简体   繁体   English

SciPy / numpy:仅保留稀疏矩阵块的最大值

[英]SciPy/numpy: Only keep maximum value of a sparse matrix block

I am trying to operate on a large sparse matrix (currently 12000 x 12000). 我正在尝试在大型稀疏矩阵上操作(当前为12000 x 12000)。 What I want to do is to set blocks of it to zero but keep the largest value within this block. 我想要做的是将其块设置为零,但将最大值保留在该块内。 I already have a running solution for dense matrices: 我已经有一个适用于密集矩阵的运行解决方案:

import numpy as np
from scipy.sparse import random

np.set_printoptions(precision=2)
#x = random(10,10,density=0.5)
x = np.random.random((10,10))
x = x.T * x
print(x)

def keep_only_max(a,b,c,d):
  sub = x[a:b,c:d]
  z = np.max(sub)
  sub[sub < z] = 0


sizes = np.asarray([0,1,5,4])
sizes_sum = np.cumsum(sizes)

for i in range(1,len(sizes)):
  current_i_min = sizes_sum[i-1]
  current_i_max = sizes_sum[i]
  for j in range(1,len(sizes)):
    if i >= j:
      continue
    current_j_min = sizes_sum[j-1]
    current_j_max = sizes_sum[j]

    keep_only_max(current_i_min, current_i_max, current_j_min, current_j_max)
    keep_only_max(current_j_min, current_j_max, current_i_min, current_i_max)

print(x)

This, however, doesn't work for sparse matrices (try uncommenting the line on top). 但是,这不适用于稀疏矩阵(尝试取消注释顶部的行)。 Any ideas how I could efficiently implement this without calling todense()? 有什么想法可以在不调用todense()的情况下有效实现吗?

def keep_only_max(a,b,c,d):
  sub = x[a:b,c:d]
  z = np.max(sub)
  sub[sub < z] = 0

For a sparse x , the sub slicing works for csr format. 对于稀疏的xsub切片适用于csr格式。 It won't be as fast as the equivalent dense slice, but it will create a copy of that part of x . 它不会像等效的密集切片那样快,但是会创建x的该部分的副本。

I'd have to check the sparse max functions. 我必须检查稀疏的max函数。 But I can imagine convertering sub to coo format, using np.argmax on the .data attribute, and with the corresponding row and col values, constructing a new matrix of the same shape but just one nonzero value. 但是我可以想象将sub转换为coo格式,在.data属性上使用np.argmax ,并具有相应的rowcol值,构造一个形状相同但只有一个非零值的新矩阵。

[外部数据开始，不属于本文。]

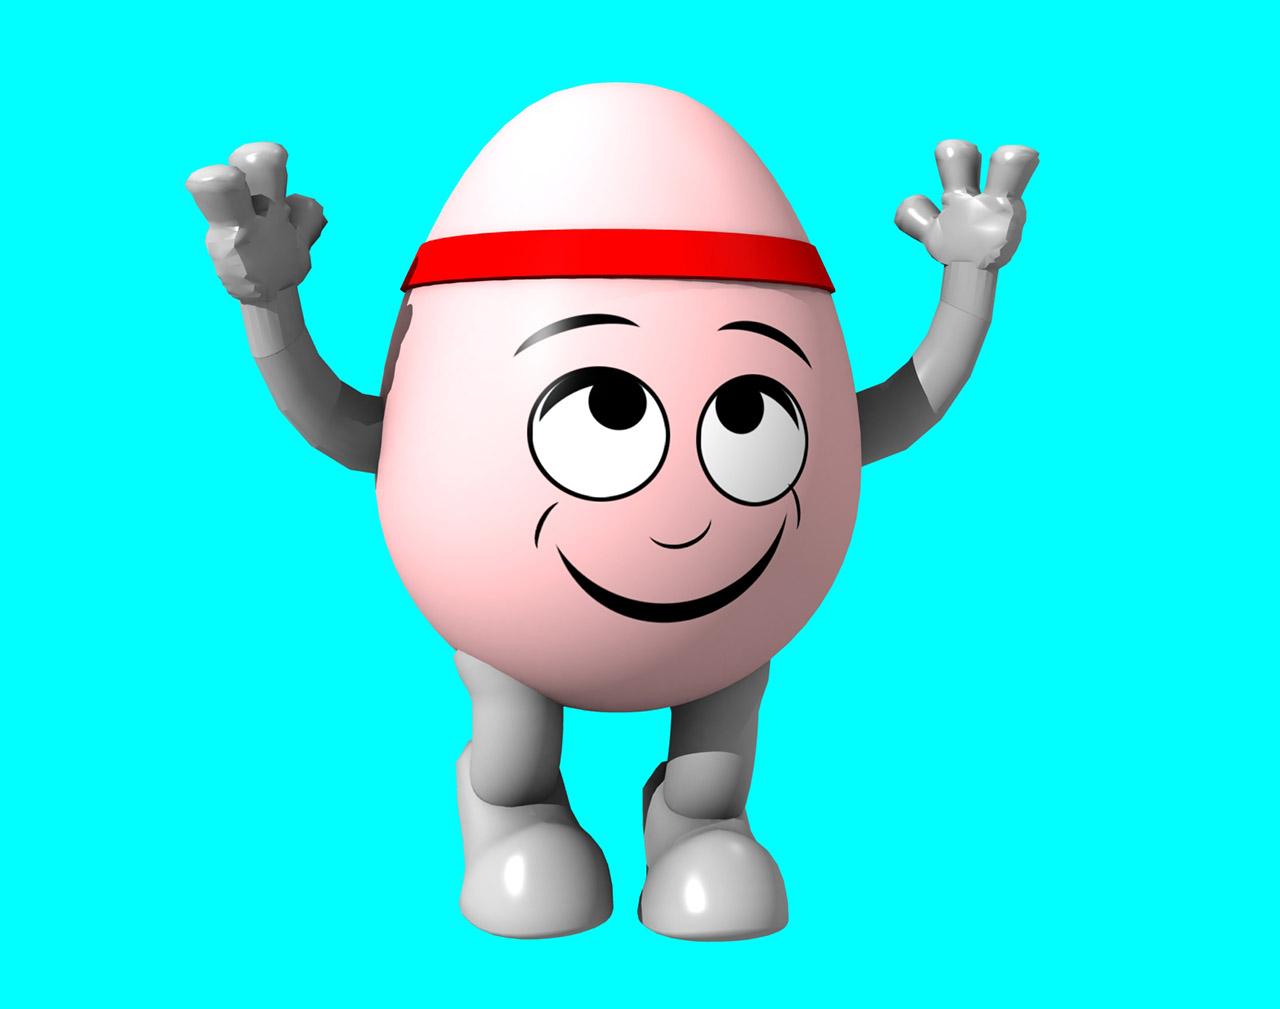 3D Egg Character Generation

If your blocks covered x in a regular, nonoverlapping manner, I'd suggest constructing a new matrix with sparse.bmat . 如果您的块以常规,不重叠的方式覆盖x ,则建议您使用sparse.bmat构造一个新矩阵。 That basically collects the coo attributes of all the components, joins them into one set of arrays with the appropriate offsets, and makes a new coo matrix. 这基本上收集了所有组件的coo属性,将它们连接到具有适当偏移量的一组数组中,并创建了一个新的coo矩阵。

If the blocks are scattered or overlap you might have to generate, and insert them back into x one by one. 如果块散落或重叠,则可能必须生成,然后将它们一个接一个地插入x csr format should work for that, but it will issue a sparse efficiency warning. csr格式应该可以解决此问题,但是会发出稀疏效率警告。 lil is supposed to be faster for changing values. lil应该可以更快地更改值。 I think it will accept blocks. 我认为它将接受障碍。

I can imagine doing this with sparse matrices, but it will take time to setup a test case and debug the process. 我可以想象使用稀疏矩阵来执行此操作,但是设置测试用例和调试过程将花费一些时间。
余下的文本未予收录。